Hoax = (Inggris) artinya tipuan, menipu. berita bohong ,berita palsu atau kabar burung . Jadi dapat dikatakan bahwa Hoax adalah kata yang berarti ketidak benaran suatu informasi .
Hoax bukan singkatan tetapi satu kata dalam bahasa inggris yang punya arti sendiri. Sedangkan definisi Hoax menurut wikipedia adalah :
“Sebuah pemberitaan palsu adalah usaha untuk menipu atau mengakali pembaca/pendengarnya untuk mempercayai sesuatu, padahal sang pencipta berita palsu tersebut tahu bahwa berita tersebut palsu. .”

Berita-berita Hoax bukan hanya melanda negeri kita Indonesia tetapi juga terjadi di negara-negara lain di dunia.
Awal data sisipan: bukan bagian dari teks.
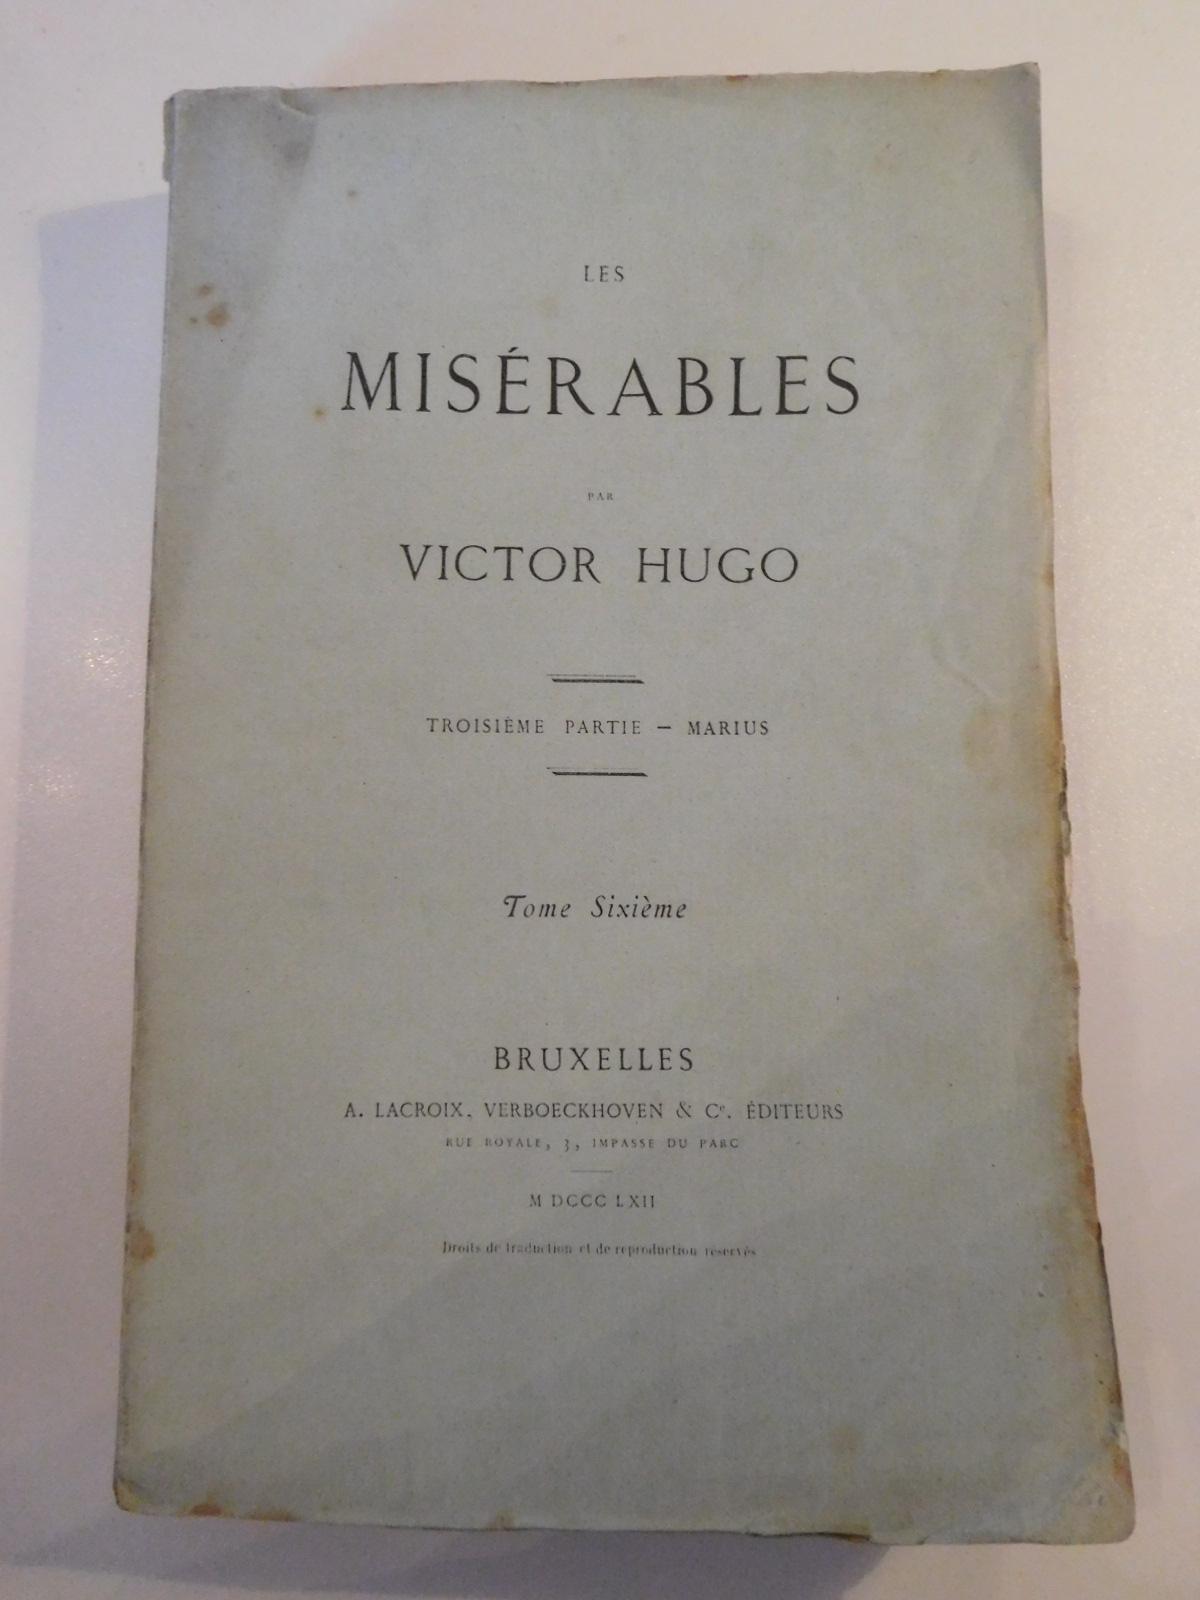 Les Misérables. Troisième partie - Marius - Tome sixième (French language, 1862)

Berita-berita hoax bila dibiarkan berkembang dalam masyarakat tidak saja mengganggu ketentraman masyarakat tetapi dapat berpengaruh terhadap keamanan negara.

Dan perlu kita ketahui media sosial sekarang bisa digunakan menjadi senjata yang ampuh untuk merusak generasi bangsa, merusak persatuan dan kesatuan bangsa. Walaupun sudah terpasang system Big Data Cyber Security (BDCS) Wantanas RI (Dewan Pertahanan Nasional) yang akan mengambil semua informasi melalui internet di Indonesia, namun masih banyak oknum oknum tak bertanggung jawab yang membuat dan menyebarkan berita yang menyesatkan (HOAX).

Untuk itu kita sebagai konsumen media sosial, BBM, WA, LINE, Telegram dan lain-lain harus selektif dan hati hati dalam menggunakannya.

Dengan maraknya berita berita dimedia sosial yang berisi fitnah, hasutan, hinaan, dan propaganda yang tidak ditahu kebenarannya itulah yang harus kita cermati. Tentunya bagi pembuat HOAX ini pastilah mempunyai tujuan tertentu dengan indikasi yang tidak baik.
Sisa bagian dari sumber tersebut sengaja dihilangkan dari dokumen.